- [TASK TO CARRY OUT]
All the lines below need to be output exactly, apart from any images.

[PROVIDED DATA Boundary: Start]

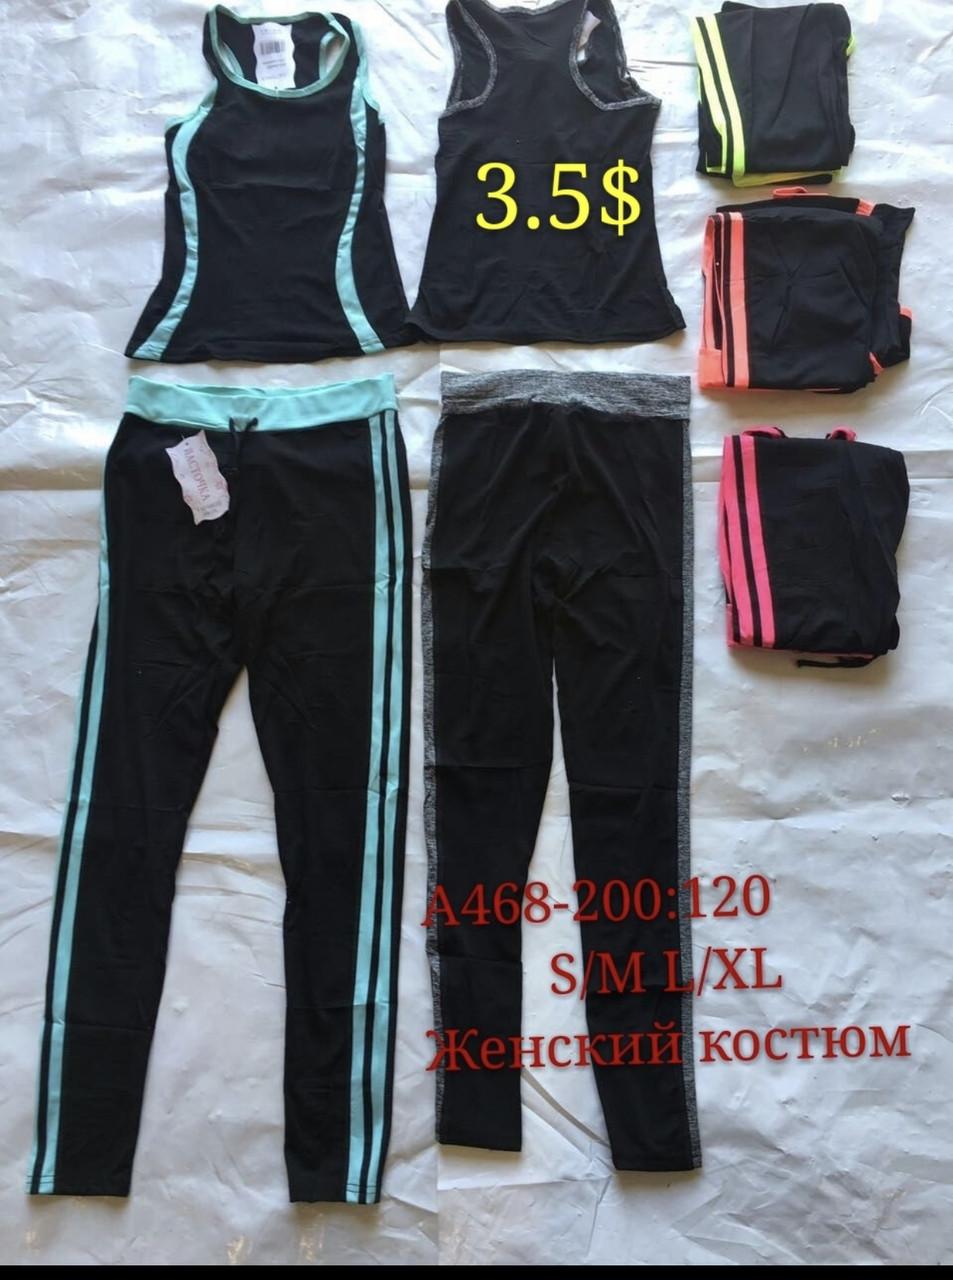 Спортивный костюм спорт S M L XL
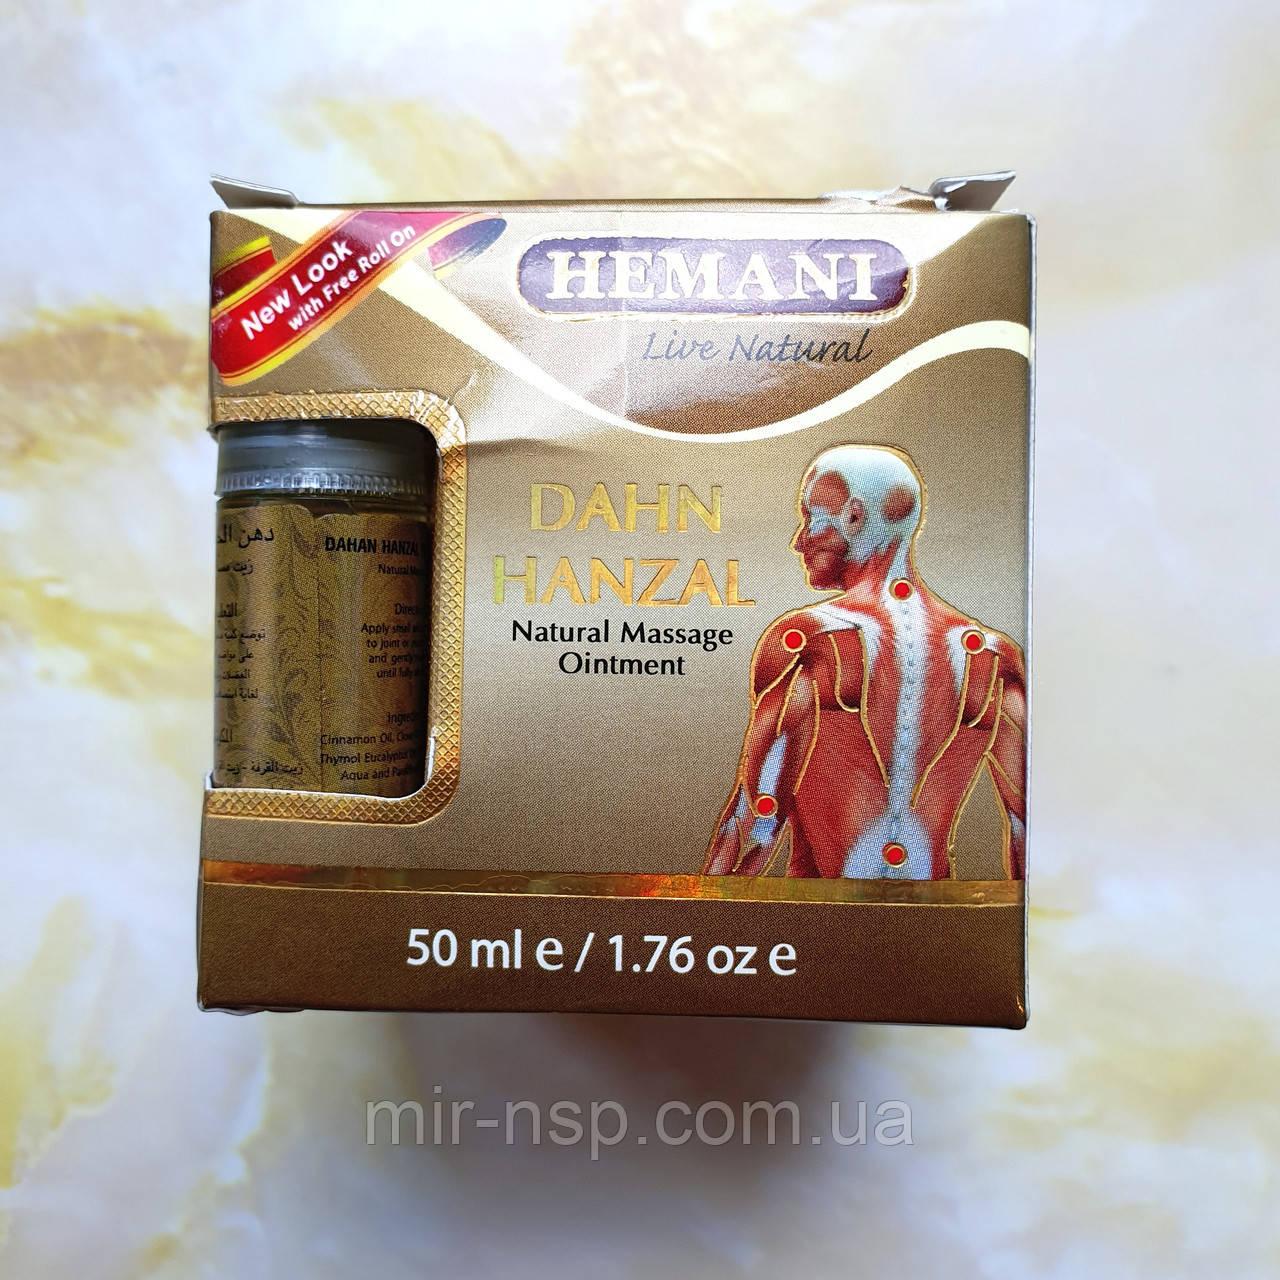 Мазь колоквинта Хандал Ханзал 50мл компания Hemani Пакистан
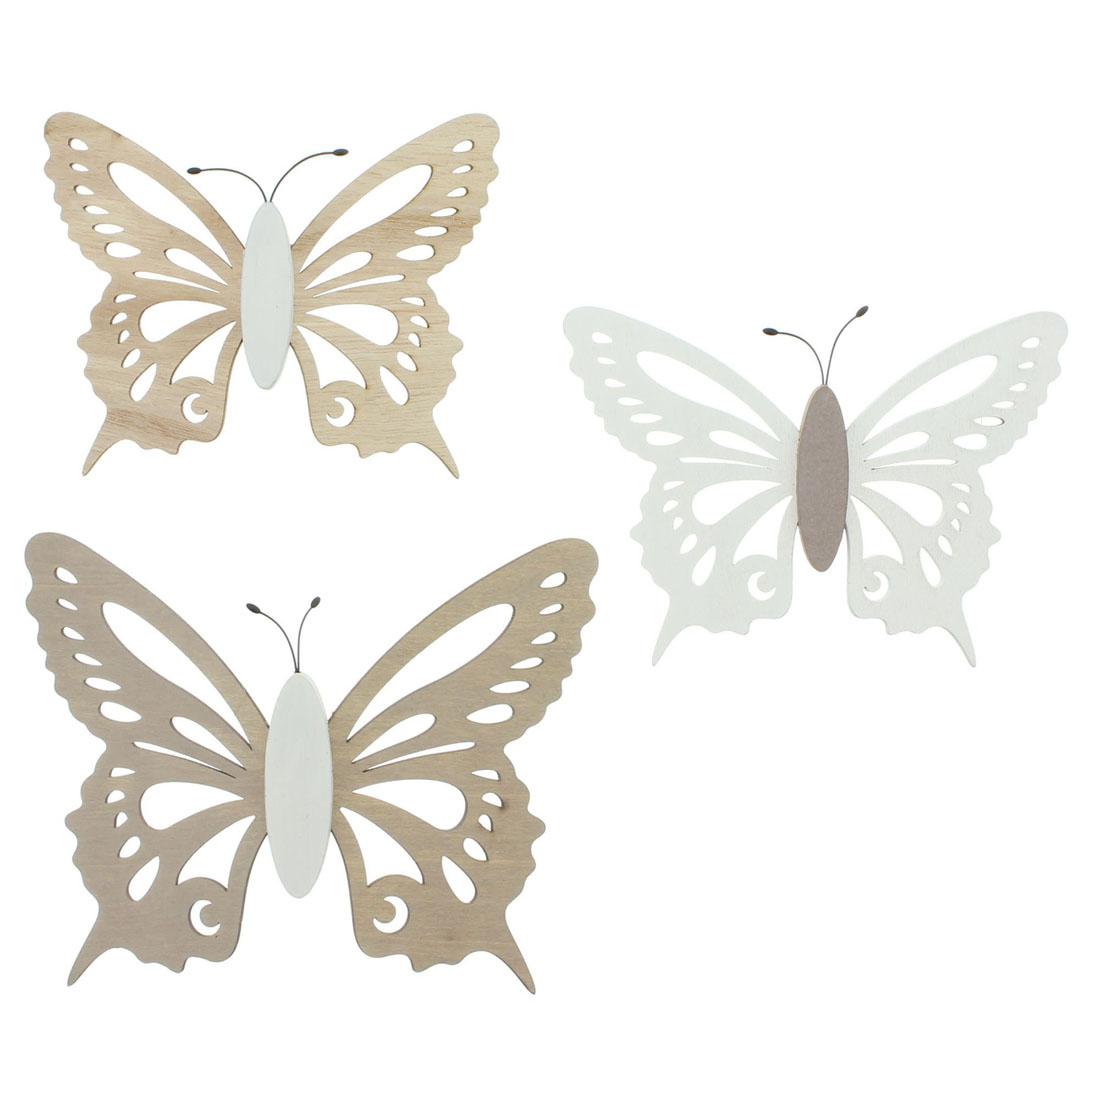 """Подвесные украшения """"Бабочки"""", 3 штуки [06603],"""

[PROVIDED DATA Boundary: End]

- [TASK OUTPUT]
 Спортивный костюм спорт S M L XL
 Мазь колоквинта Хандал Ханзал 50мл компания Hemani Пакистан
 """Подвесные украшения """"Бабочки"""", 3 штуки [06603],"""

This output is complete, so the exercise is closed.